You're going to have to head north and west for pheasants .


----------



## GAbuckhunter88 (Feb 13, 2012)

I believe it has to do with the humidty and their eggs. The high humidty level we have makes the shell on the eggs soft and they wont hatch.


----------



## Hunter Haven (Feb 13, 2012)

You can go hunt them at Pope Plantation....

Washington, Ga.


----------



## huntchesies (Feb 13, 2012)

well for starters we have never had them here. we don't have the food, weather, and well georgia just ain't made for them.  I have always wanted to know the same thing.  I always go to kansas for them myself.  I wished we just had quail like we used to but we don't have those anymore either.  To many fire ants, coyotes, foxes and other predators.  To many houses as well.  I used to have two coveys on my place but they have been gone for about three years now.  Even when i had them on the place i still put out pen raised to keep from killing my wild ones.


----------



## Nicodemus (Feb 13, 2012)

Once in a while you`ll run up on a vagrant from a plantation around here, but they don`t make it long.

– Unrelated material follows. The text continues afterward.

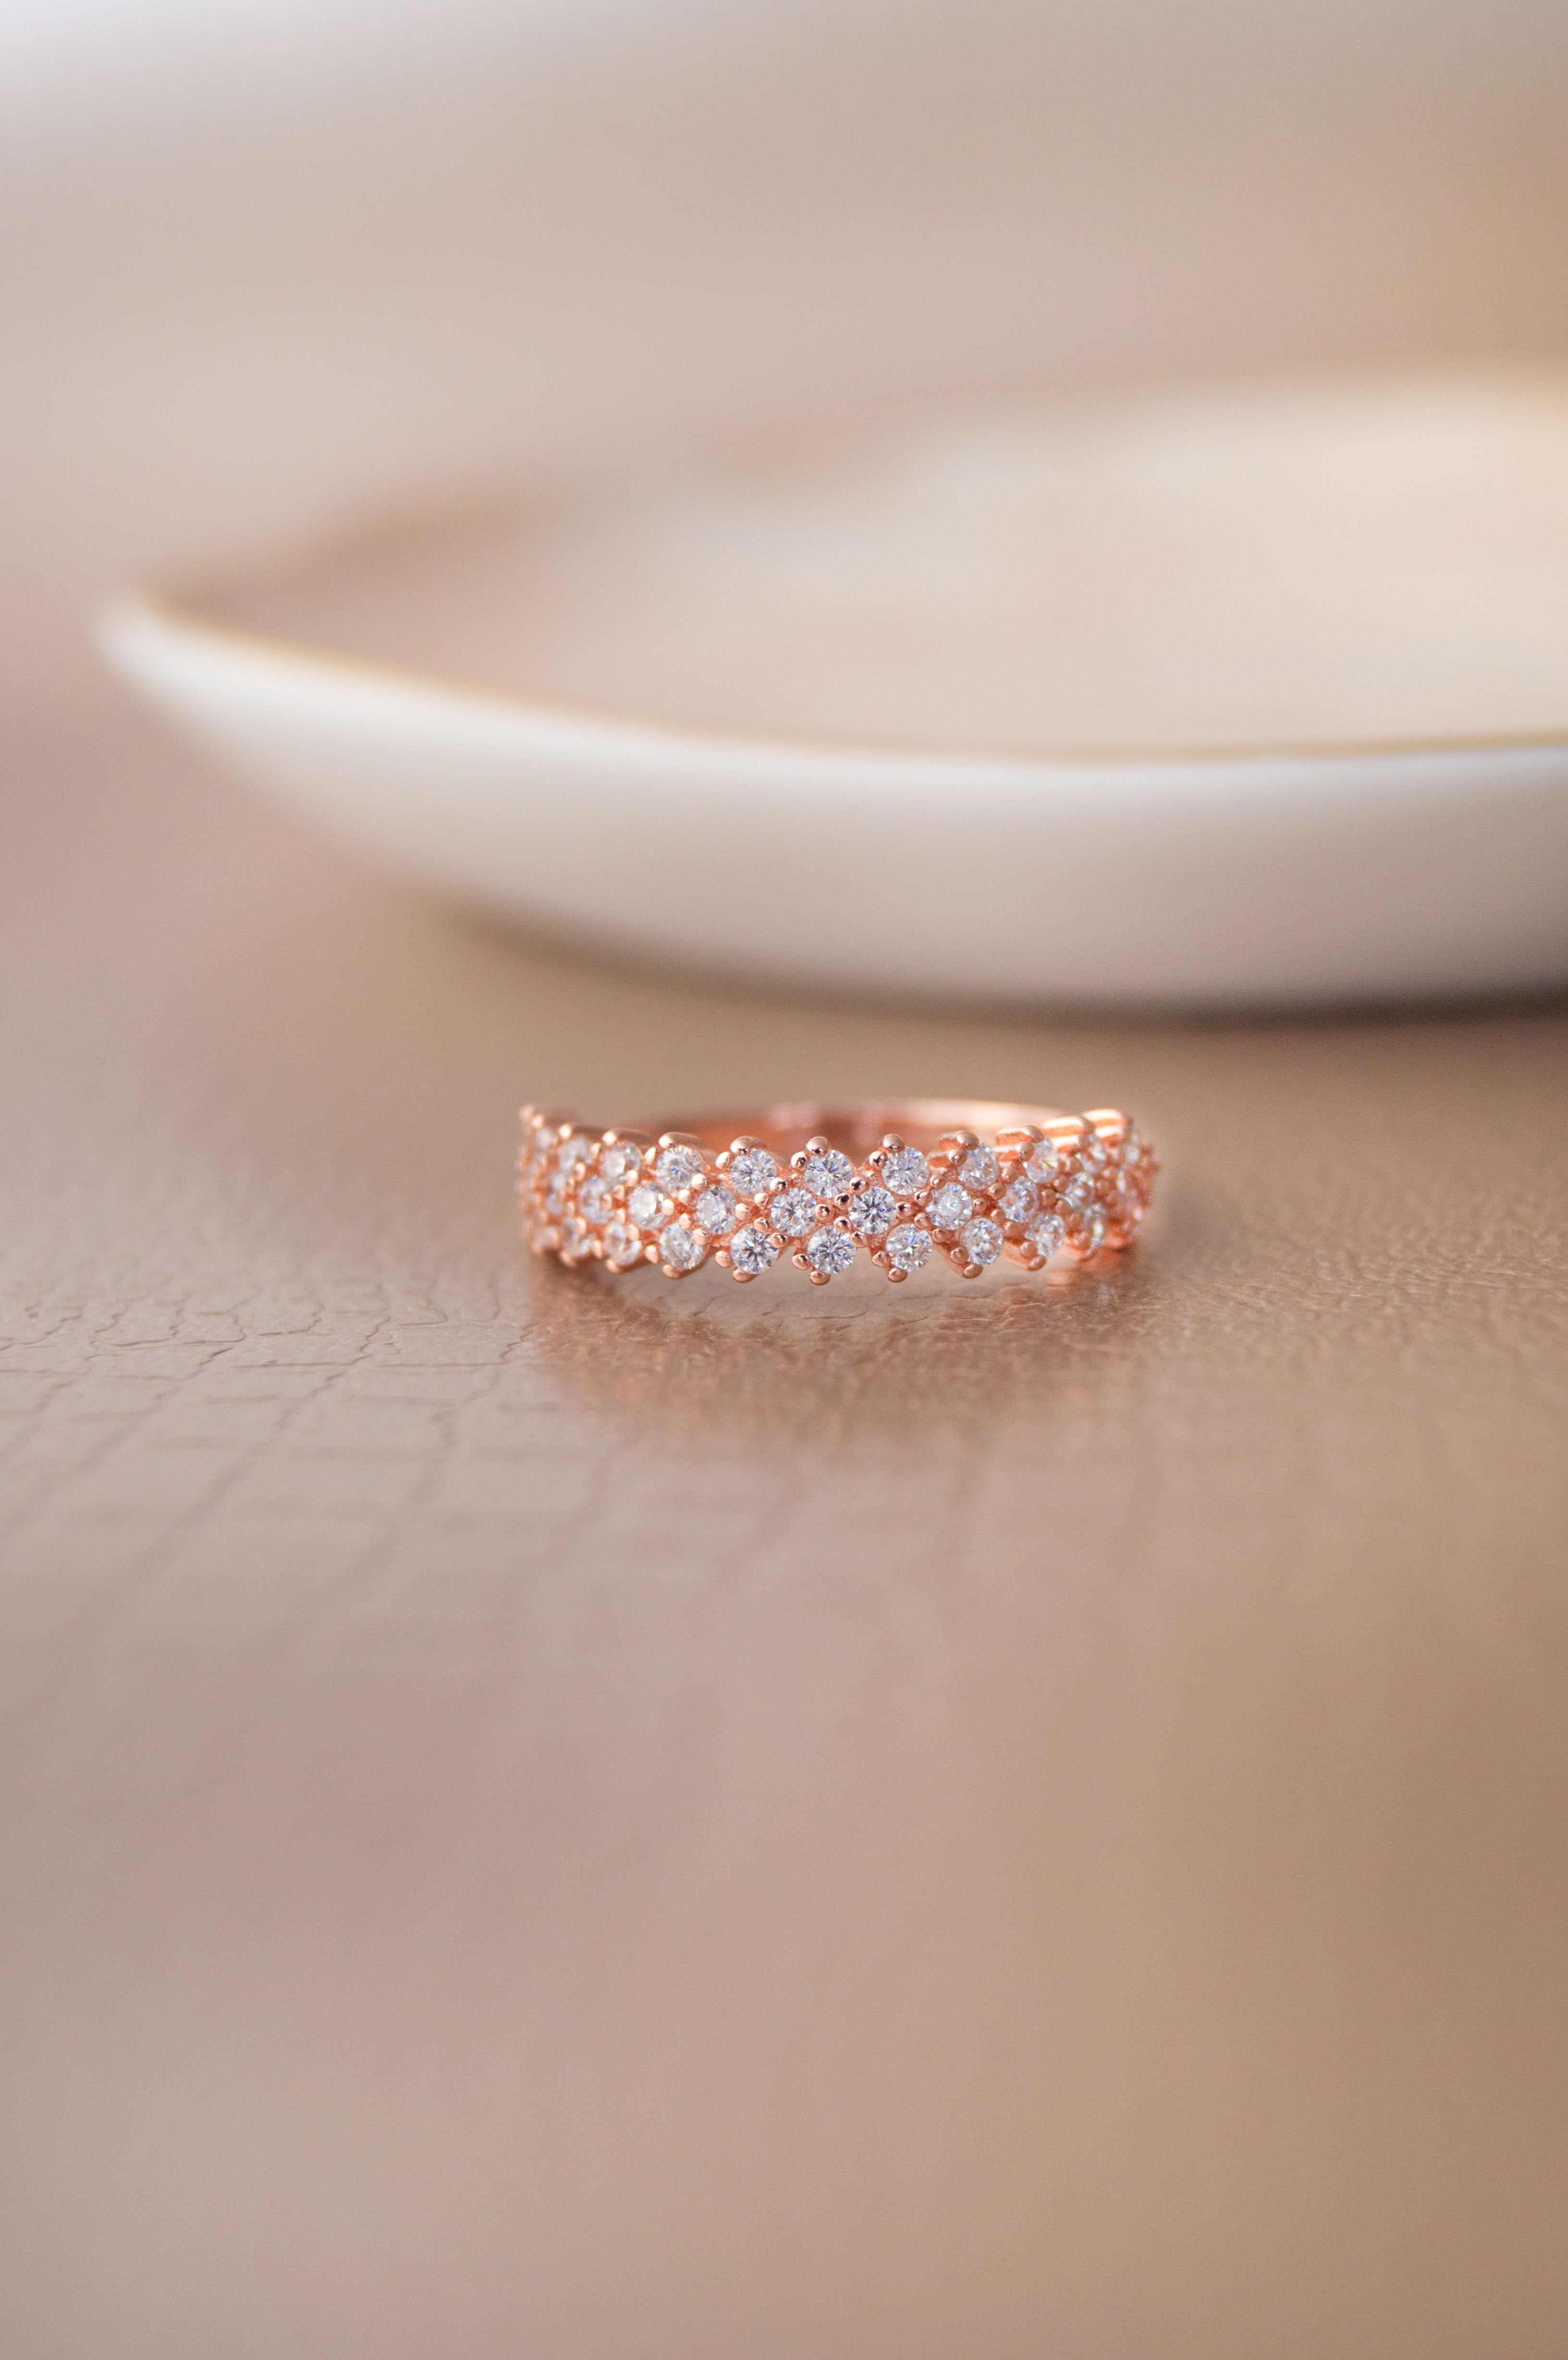 Minimalistic ring with diamond in Game of Thrones style | ateljedryewelery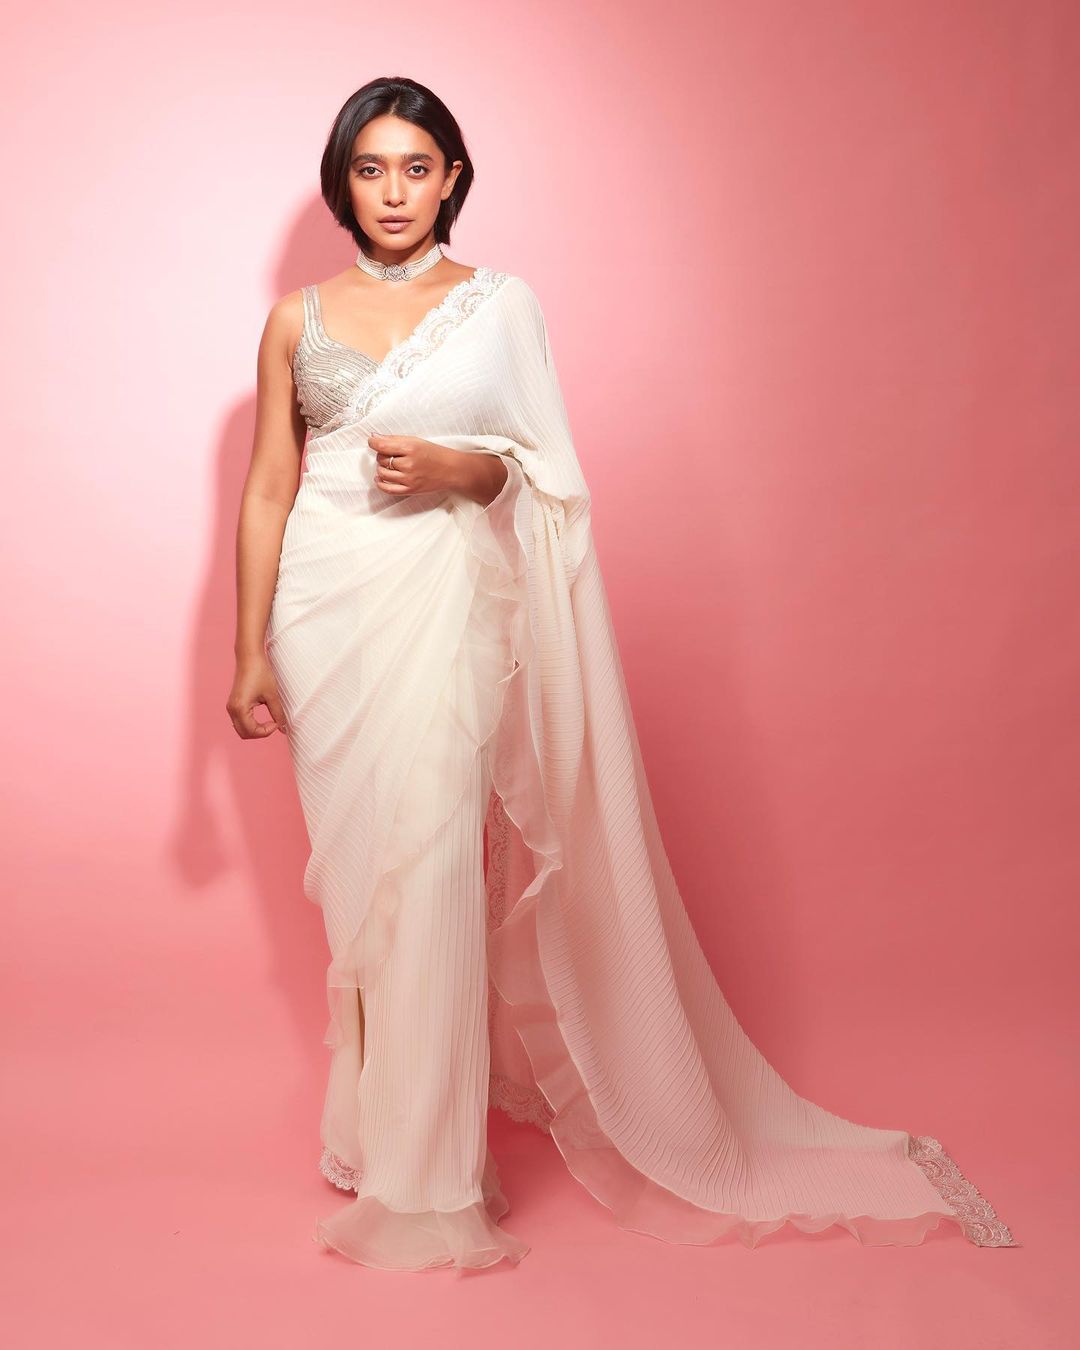 Sayani Gupta looks graceful in a plain white chiffon saree

I remember about 20 years ago when close to a thousand got loose from a pen. For 2 years we would see some, but they went the way of the passenger pigeon.

Keep in mind that the ringneck pheasant is not native to the North or South American continent anyway.


----------



## BirdNut (Feb 13, 2012)

maker4life said:


> Some say that it's a calcium defficiency in the soil below the 39th parallel . I don't really know though .
> 
> You're going to have to head north and west for pheasants .



I have heard the same thing.  Heat, humidity, parasites, who knows?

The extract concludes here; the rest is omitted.